Topical use of cedrol ethanol has been reported to have a beneficial effect on hair loss. However, the use of cedrol has been limited by application-related issues, such as poor water solubility and volatile features. Therefore, the present study developed a cream formulation of cedrol and evaluated various physicochemical parameters of the prepared cream. The optimized cedrol cream was selected after orthogonal tests and determined further. The dermatopharmacokinetics were studied to investigate the absorption difference between cedrol cream and cedrol ethanol after dermal application, and the concentrations of cedrol in skin were analysed by the gas chromatography-mass spectrometry (GC-MS) method.
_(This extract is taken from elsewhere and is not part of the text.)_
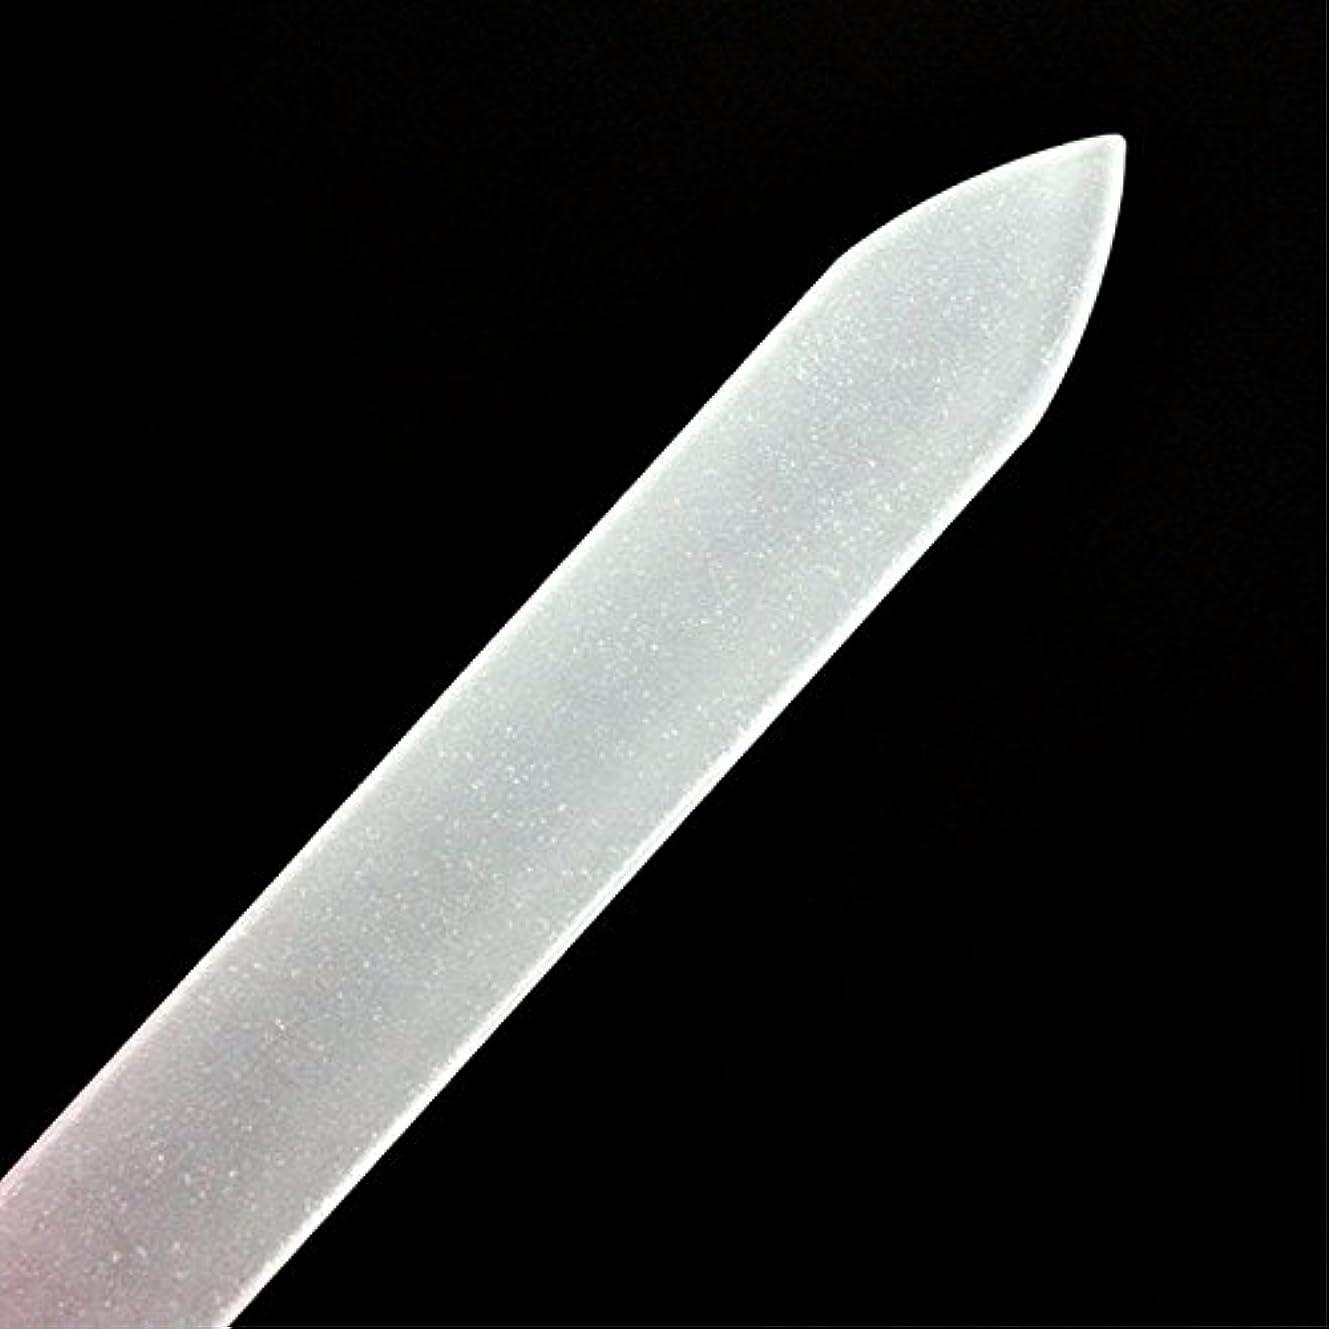 奨学金野菜パッチ爪磨き つめみがき ネイルケア 爪やすり 用品ガラス製爪ヤスリ ガラス製 ケース付 つめやすり甘皮 ケア

By comparison, the area under the curve (AUC_{0–24 h}) of cedrol cream was almost three times higher than that of cedrol ethanol. Moreover, this study was undertaken to evaluate the hair growth promoting efficacy of cedrol cream in C57BL/6 mice and Wistar rats. Macroscopic assessment and alopecia score showed that C57BL/6 mice treated with cedrol cream showed a faster production of pigmentation and a higher score at different growth stages than other groups. The hair length of the cedrol cream-treated group was much longer than those of the cedrol ethanol and minoxidil groups. Histological analyses indicated that in the cedrol ethanol group, most follicles of the C57BL/6 mice were in the catagen phase, whereas nearly 83% of hair follicles in the cedrol cream group remained in the anagen phase. Taken together, our data strongly suggest that the cream formulation of cedrol has a stronger hair growth promotion effect, gave no irritation and was safe for topical administration.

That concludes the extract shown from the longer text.